- _PROVIDED MATERIAL_:

◇ ◇ ◇ ◇

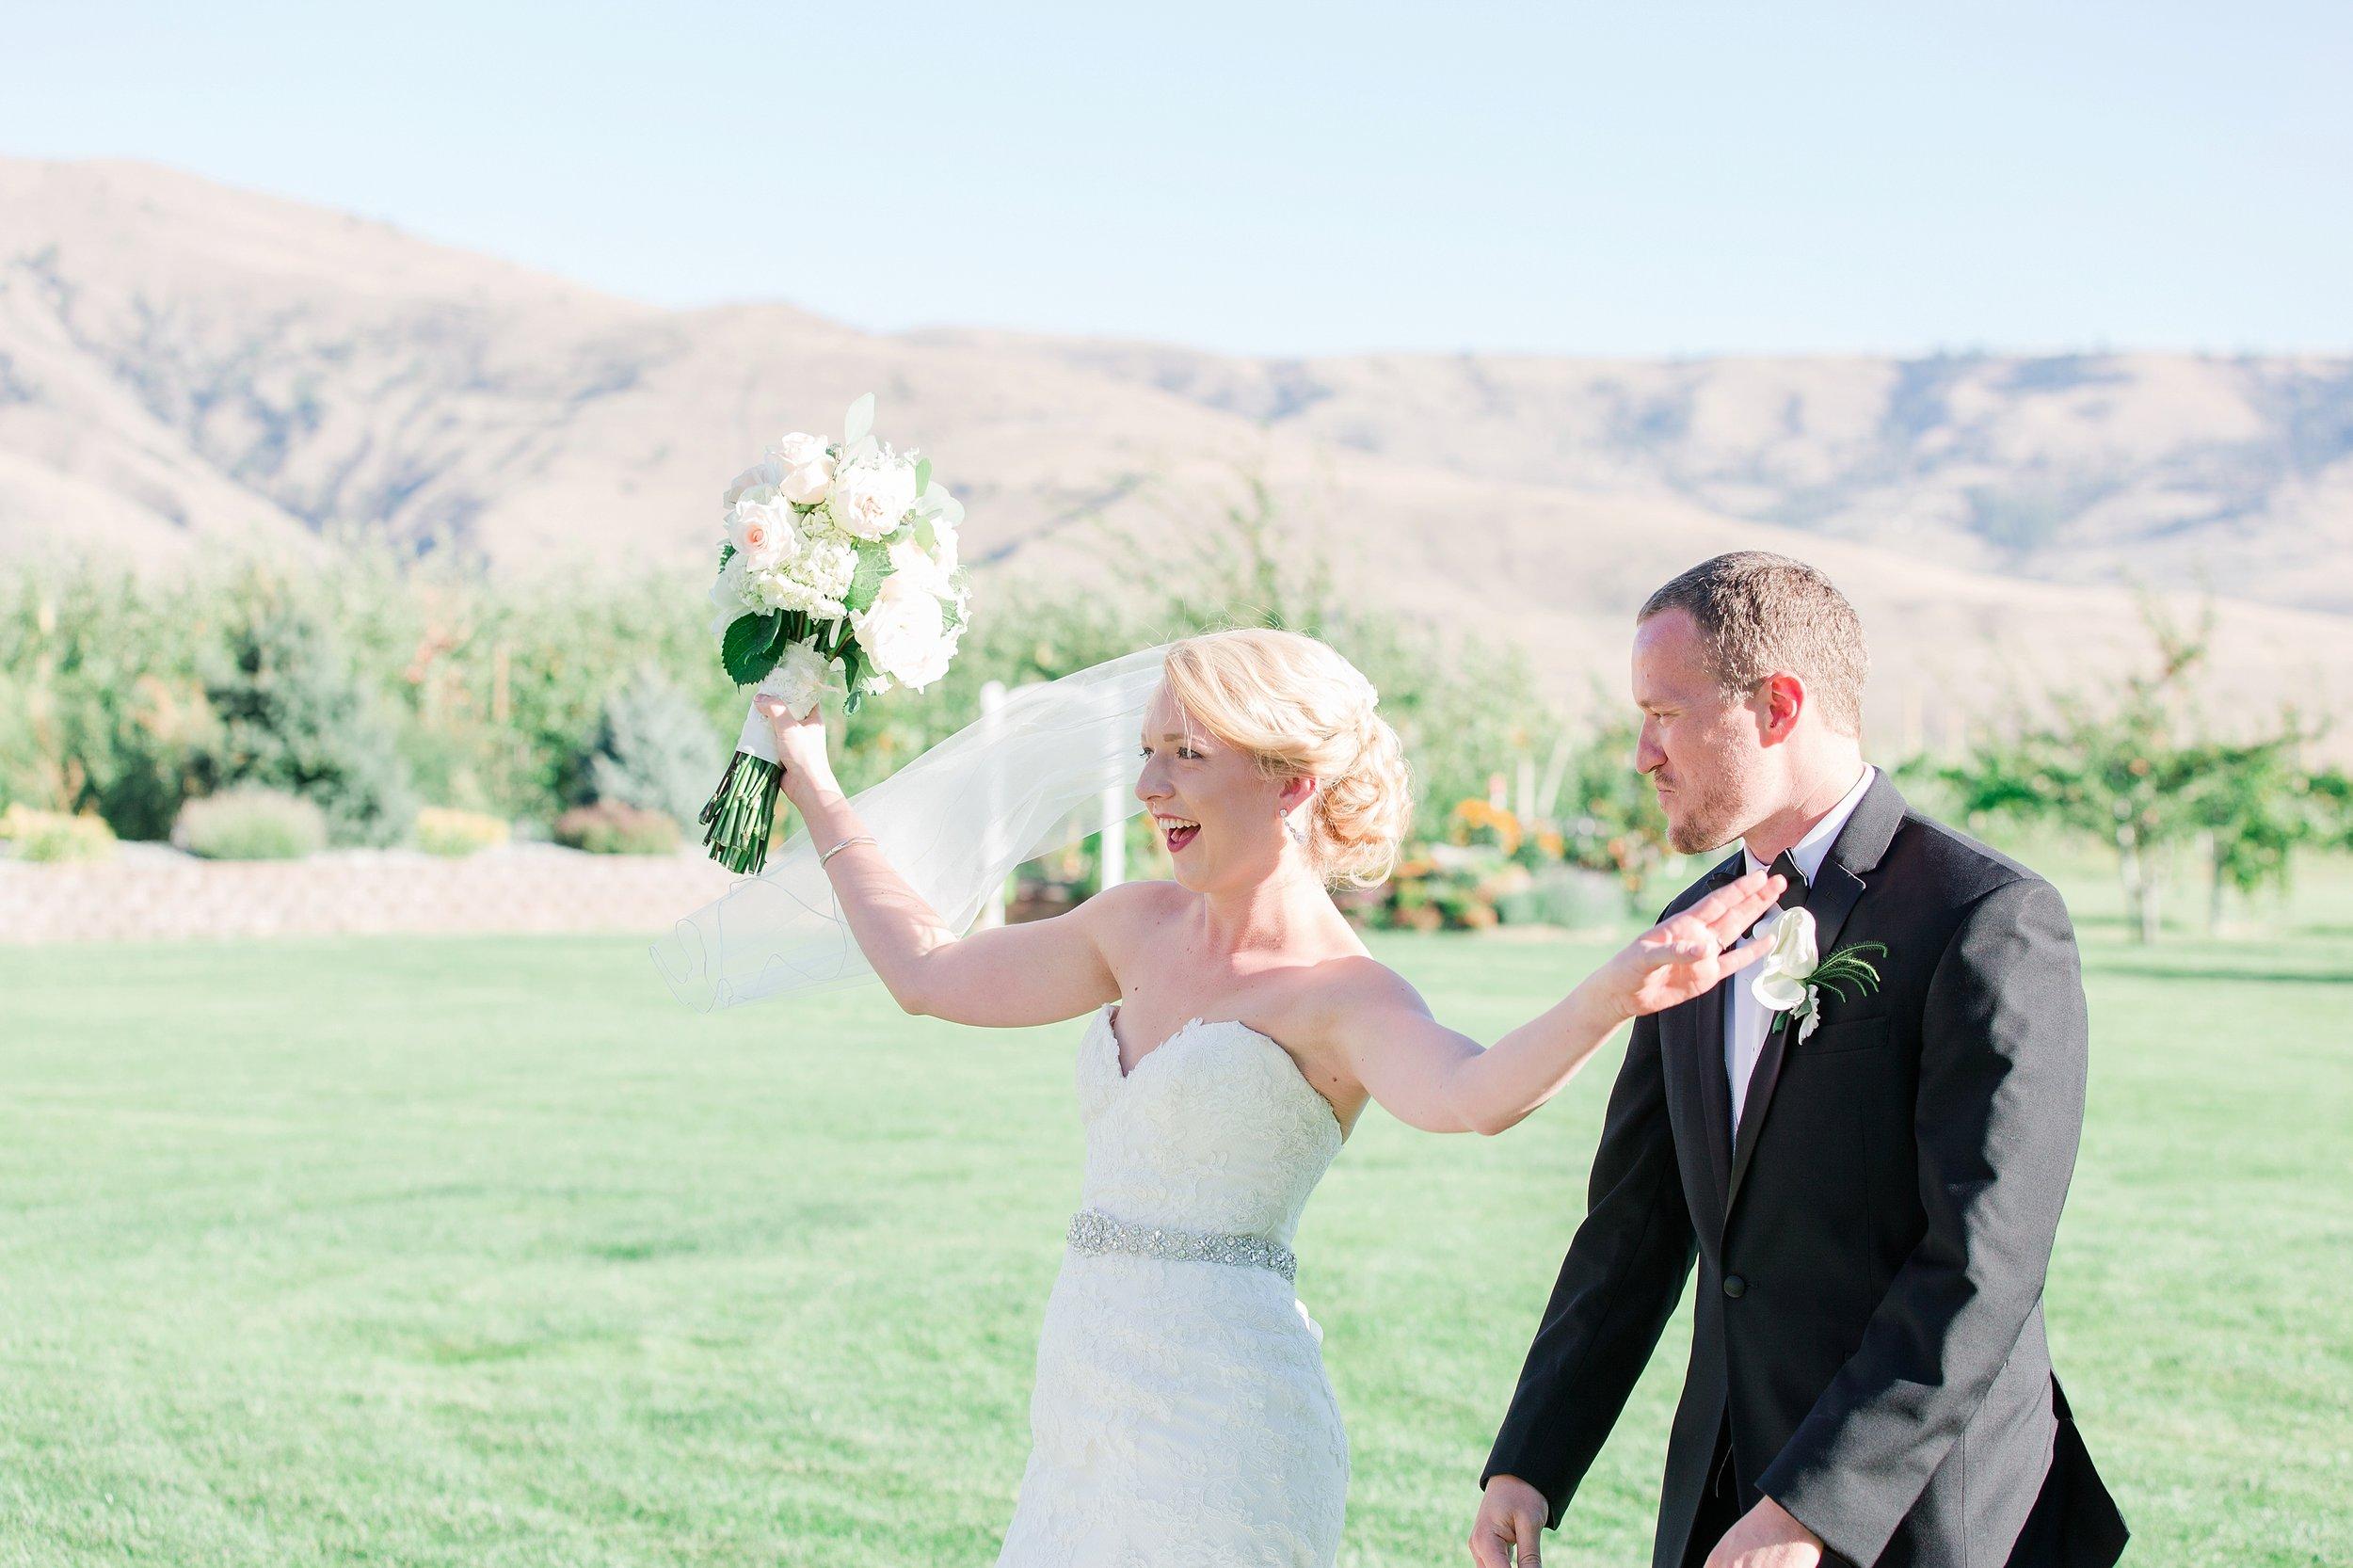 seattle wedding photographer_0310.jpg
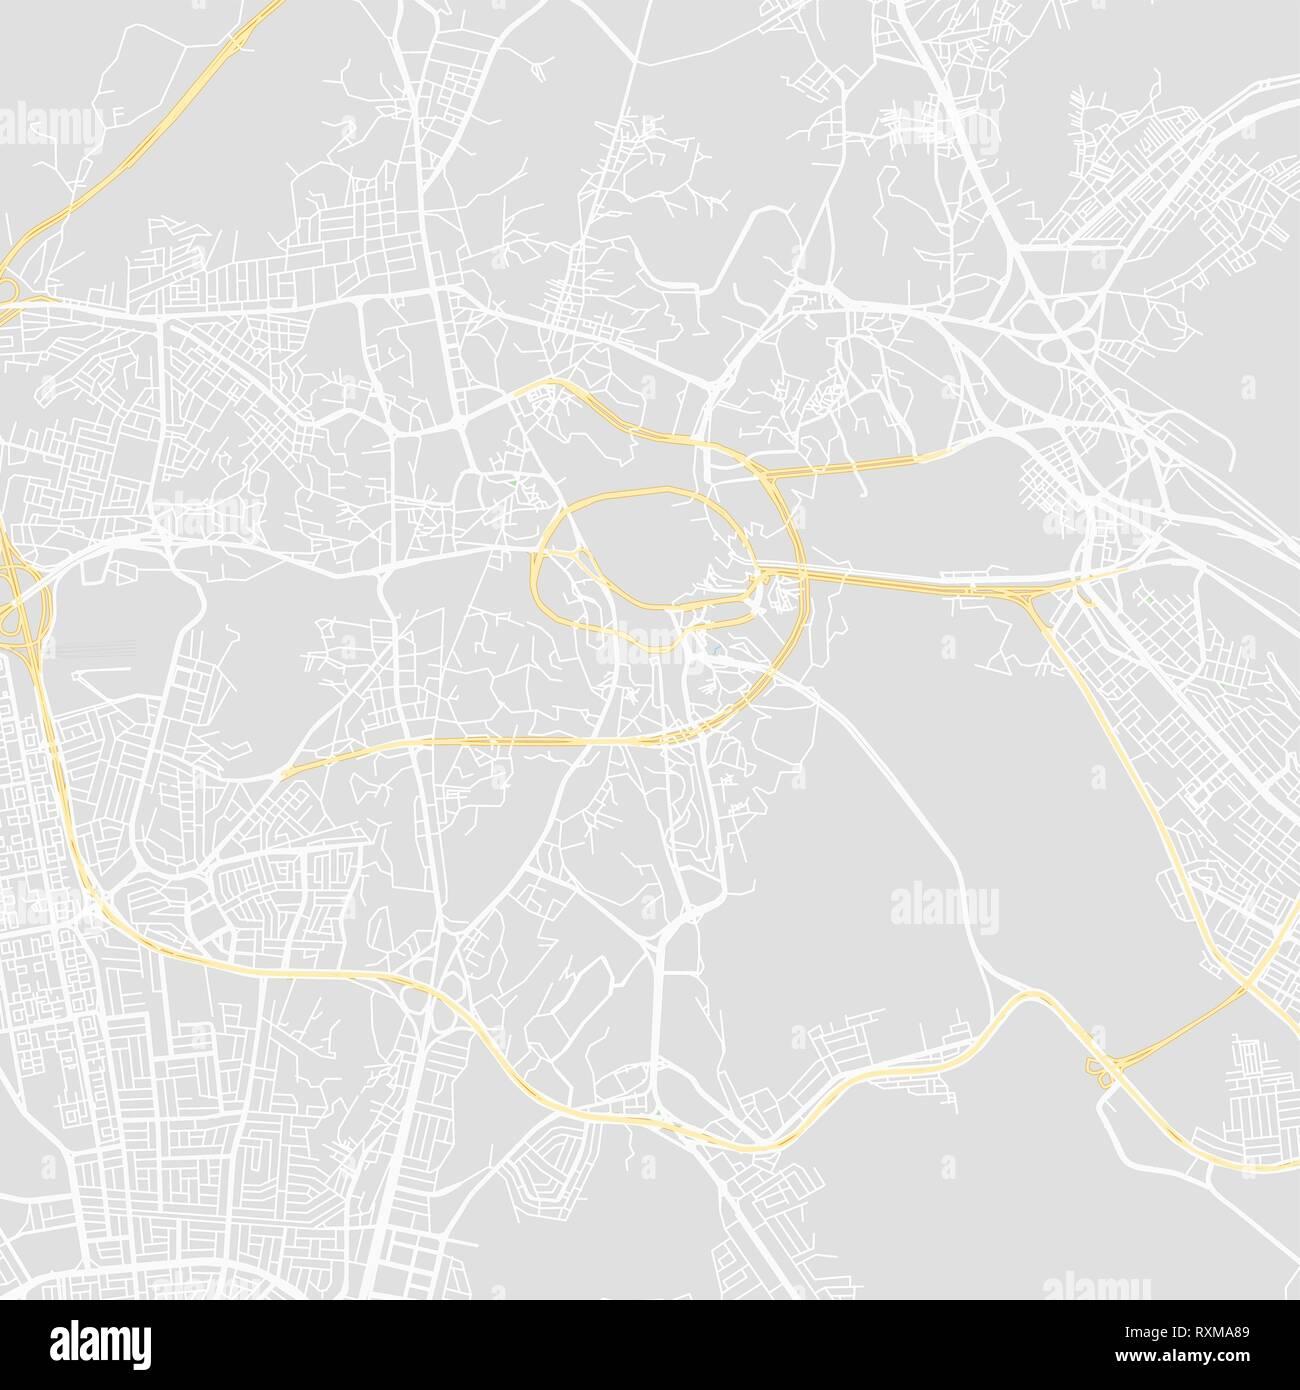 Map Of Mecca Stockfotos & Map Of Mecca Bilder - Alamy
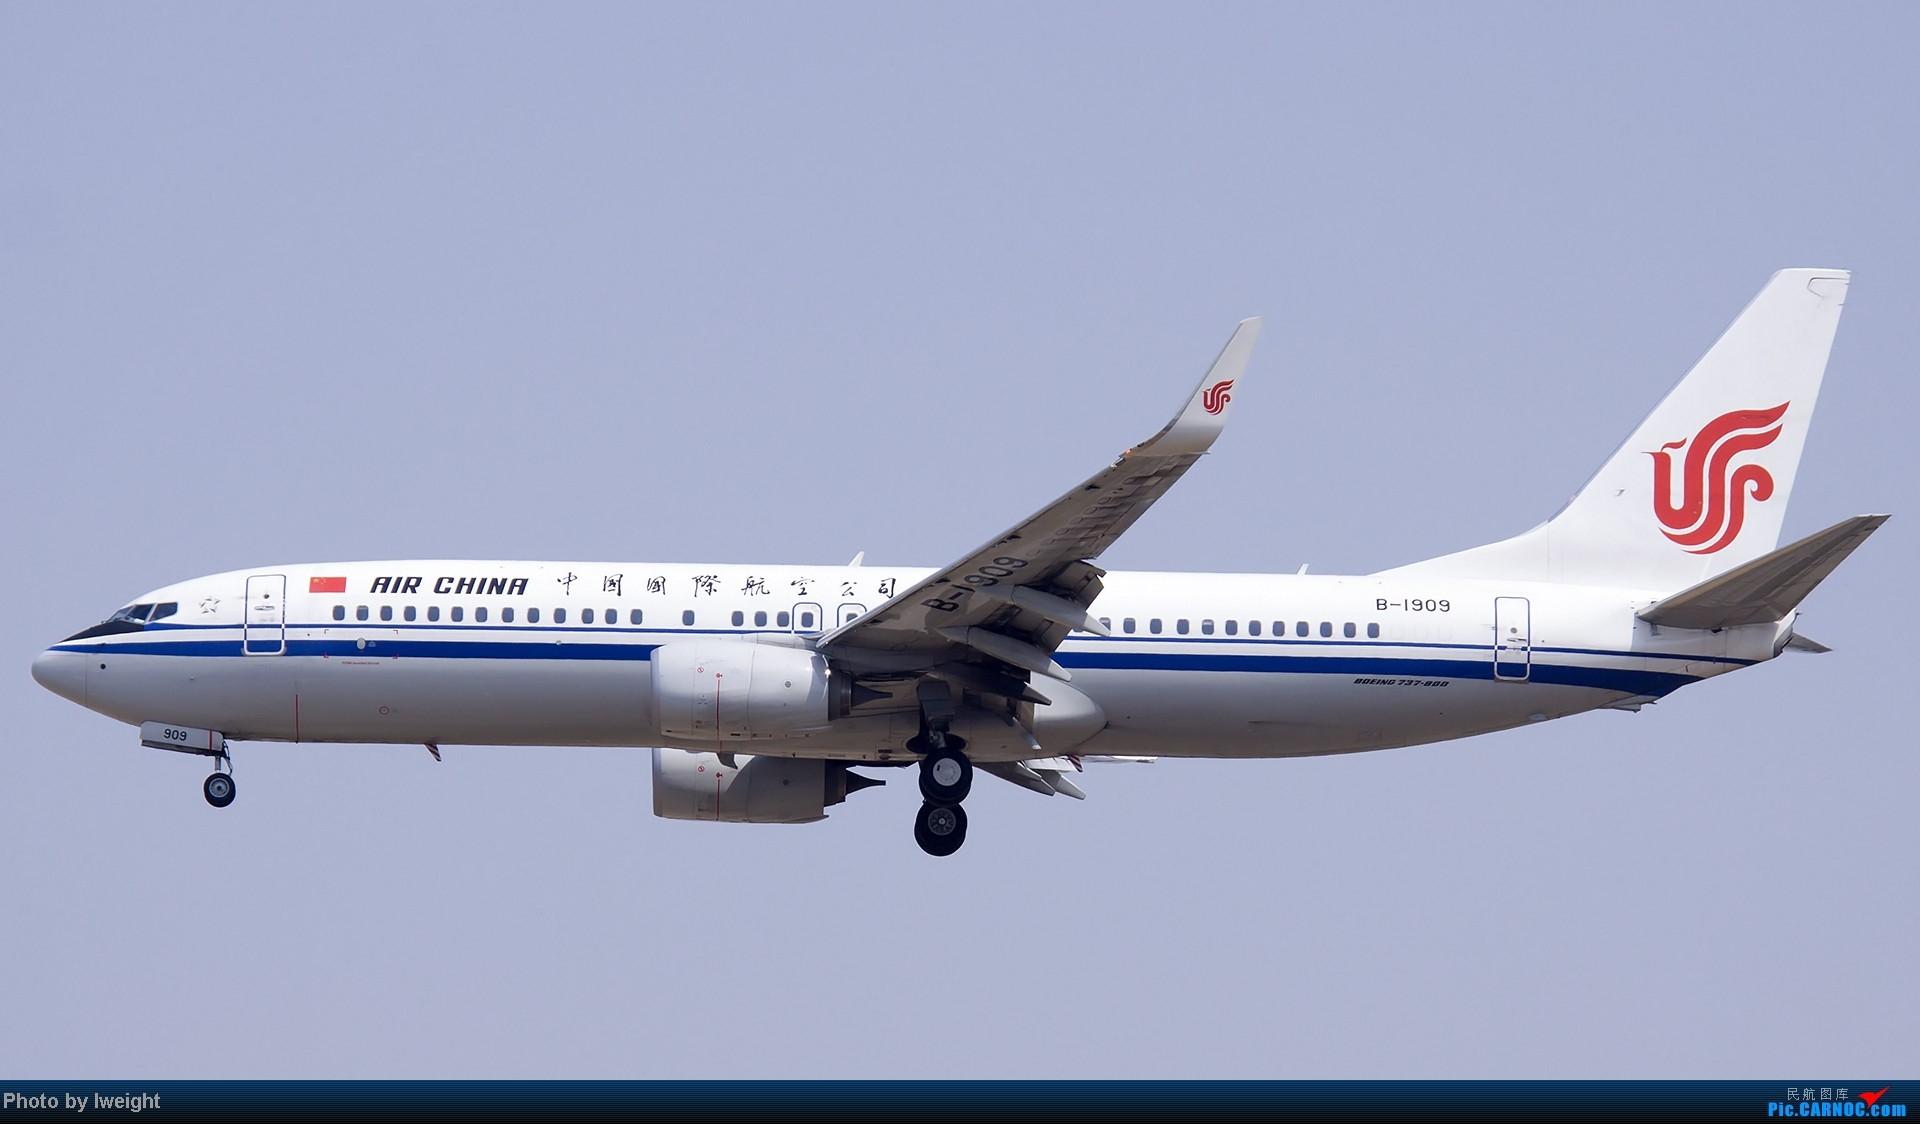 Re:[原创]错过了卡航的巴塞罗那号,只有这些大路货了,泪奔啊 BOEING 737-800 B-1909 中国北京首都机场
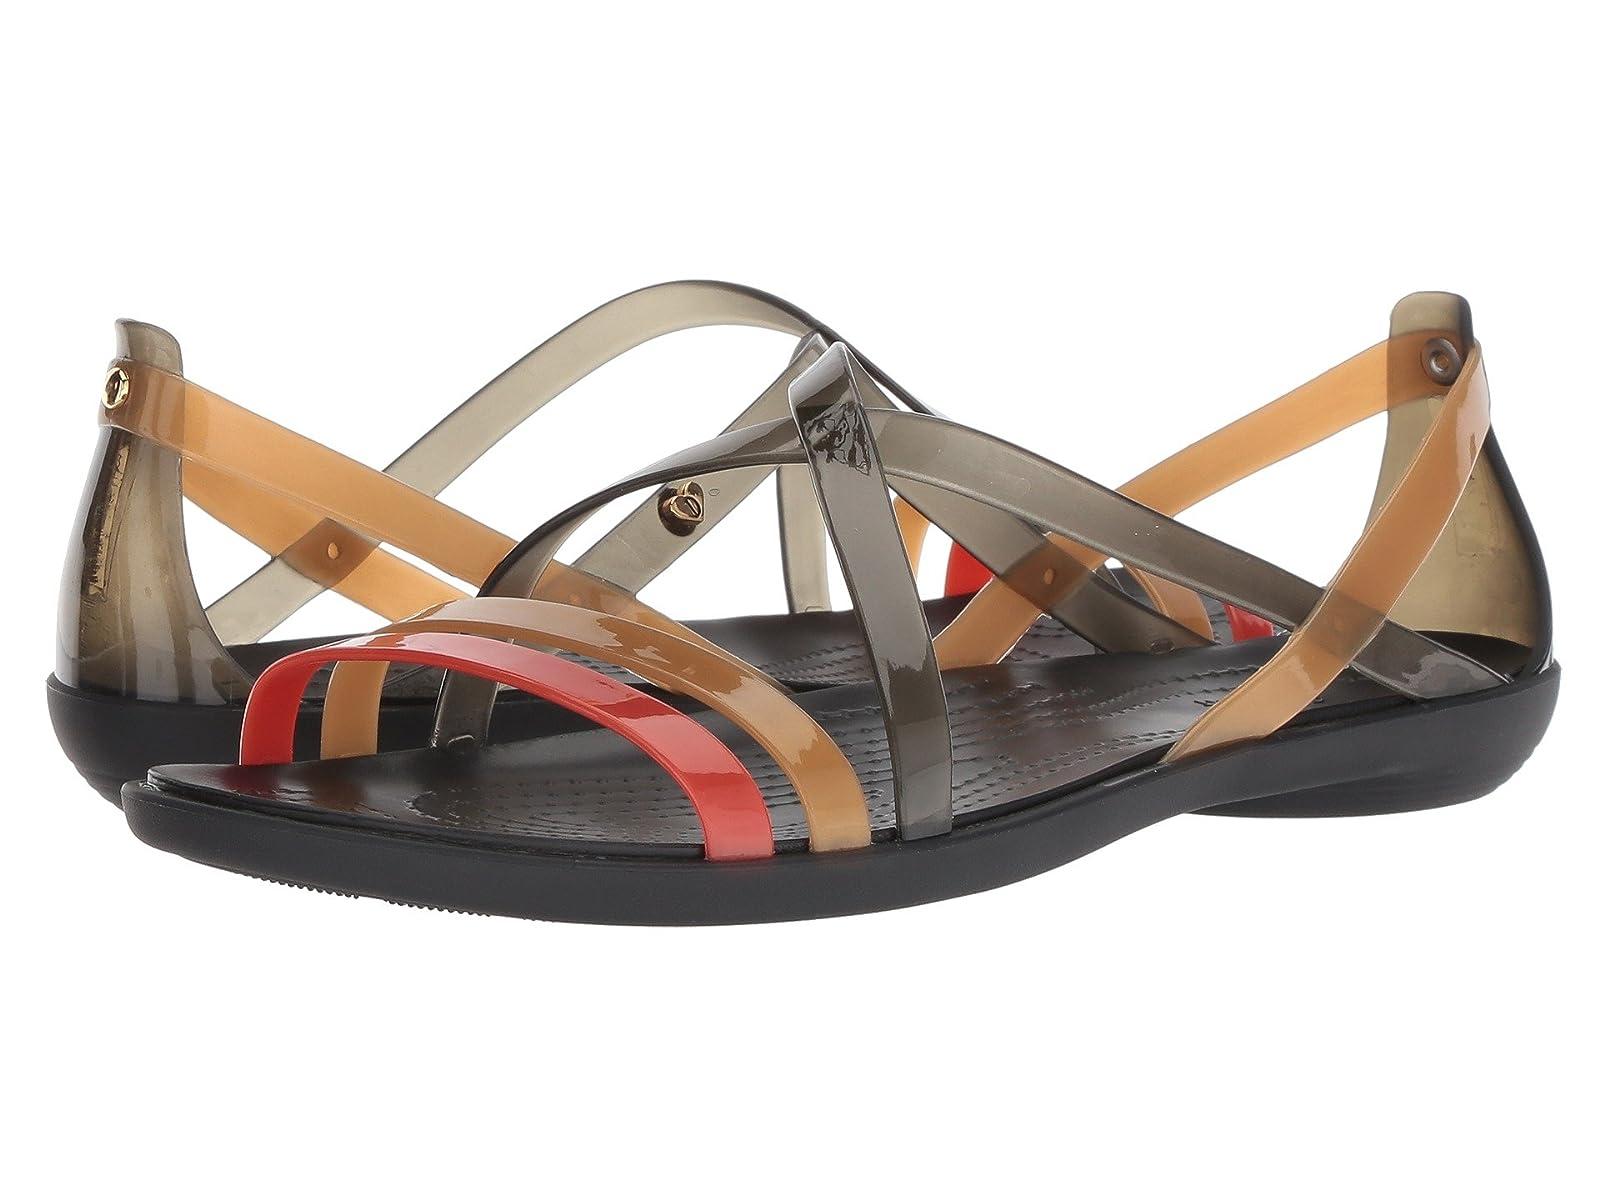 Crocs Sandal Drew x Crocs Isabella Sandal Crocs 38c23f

◇ ◇ ◇ ◇

Inclusive range, exact copy: the line containing "Re:[原创]错过了卡航的巴塞罗那号,只有这些大路货了,泪奔啊 BOEING 737-800" through the last line of the listing. Print nothing else, and no pictures.

- _ANSWER TO THE EXERCISE_:
 Re:[原创]错过了卡航的巴塞罗那号,只有这些大路货了,泪奔啊 BOEING 737-800 B-1909 中国北京首都机场
 Crocs Sandal Drew x Crocs Isabella Sandal Crocs 38c23f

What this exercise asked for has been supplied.